— Сто лет не виделись, а ты молчишь, как рыба в консерве. Что происходит, Мужик?

Шура сидел за столиком напротив Петера в маленьком кафе под открытым небом уже четверть часа. Разговор не получался.

— Короче, Мужик, если ты сейчас же не придешь в себя, я тупо уйду. Сниму комнату, потом найду какую-нибудь подружку с хорошей фигурой и… Сам себя выручай. И сам во всем разбирайся. На кой ты меня вытащил?

События, произошедшие за последнюю неделю, выбили Петера из колеи. Больше — вызвали в его душе настоящую панику. В воскресенье он решился позвонить в Россию, в Санкт-Петербург. Саше, своему лучшему другу. И единомышленнику. В смысле любви к приключениям.

* * *

Со Стрелиным Петер познакомился еще в международном детском лагере Артек, куда отец, тогда еще мастер с автозавода, ценой каких-то невероятных усилий сумел выбить бесплатную путевку для сына.

Дружба началась необычно. Шура, белобрысый мускулистый подросток из Ленинграда, почувствовав свободу от неусыпного родительского ока, отдыхал вовсю. Отрабатывал на товарищах по отряду приемы диковинной борьбы, называемой юным экстремистом «русским стилем». Юному подонку было все равно, из какой дружественной страны приехал его случайный спарринг-партнер. Шура одинаково беспощадно метелил всех «братьев» — и кубинцев, и вьетнамцев, и венгров с поляками.

Неожиданное сопротивление Стрелин встретил лишь однажды. И от кого?! От дрищавого ботаника-чеха, который упредил звериный выпад юного террориста метким попаданием в оставшийся без прикрытия пах. И, развернувшись, пошел своей дорогой. Как будто ничего и не произошло. Ну, наглец!

Но Шура не обиделся. За обедом подсел к Петеру и поблагодарил за урок. И за оказанную честь. Мол, держи краба. Уважаю.

Мужик равнодушно пожал руку, после чего продолжал вкушать винегрет. Не потому, что русского языка не знал, — с этим было все в порядке, иначе не видать Артека как своих ушей, — просто с таким козлом общаться совершенно не хотелось. Однако Стрелин истолковал все по-своему. Типа, иностранец. Стесняется акцента.

— Да ладно, не тушуйся, — сказал Шура и панибратски обнял паренька за плечи. — Плевал я на говор. Главное — сила. И стержень. Про силу не знаю, а стержень у тебя есть. Тебя звать-то как?

— Мужик. Отвали, — ответил Петер, сбросив с плеча руку.

— Да я к тебе особо и не приваливал, — хмыкнул Стрелин. — Подумаешь, имя спросил. Не хочешь — не отвечай. Тоже мне, орел.

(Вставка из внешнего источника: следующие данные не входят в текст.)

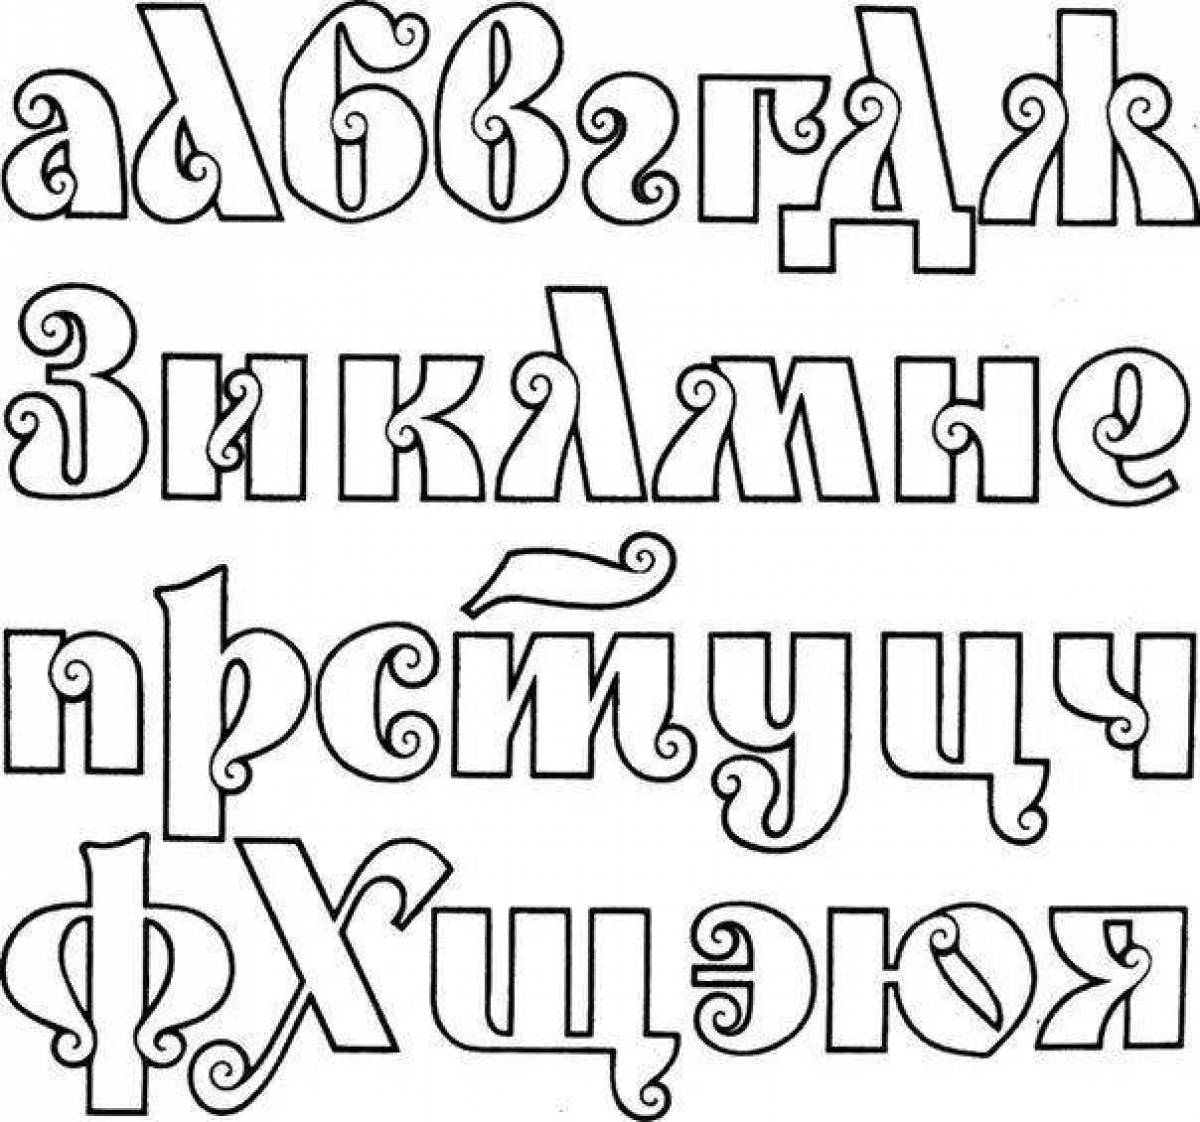 Русские шрифты файл. Декоративный шрифт. Шрифты на русском. Красивый шрифт на русском печатный. Красивый шрифт для плаката.

— Не орел, а Мужик. Фамилия моя.

— Мужик?

— Да, — кивнул Петер.

Ему стало смешно. А этот русский ничего. Просто ведет себя так, потому что все его боятся. Никто не дружит… Как и с ним самим.

— Правда, что ль? Мужик? — переспросил Стрелин, удивился. — Тебе б с такой фамилией в СССР жить. Клево. И кликуху придумывать не надо. Мужик, как говорится, он и в Африке мужик.

Петер недоуменно посмотрел на навязчивого собеседника.

— Я не из Африки. Я из Чехословакии.

— Да понял я, не дурак, — кивнул Шура. — Про Африку — это поговорка. Как и про Пушкина.

— А Пушкин при чем? — не понял Петер.

— Да так, — стушевался Стрелин. — Ни при чем, в общем. Просто тоже… этот… герой народных поговорок. Типа, уроки кто делать за тебя будет? Пушкин?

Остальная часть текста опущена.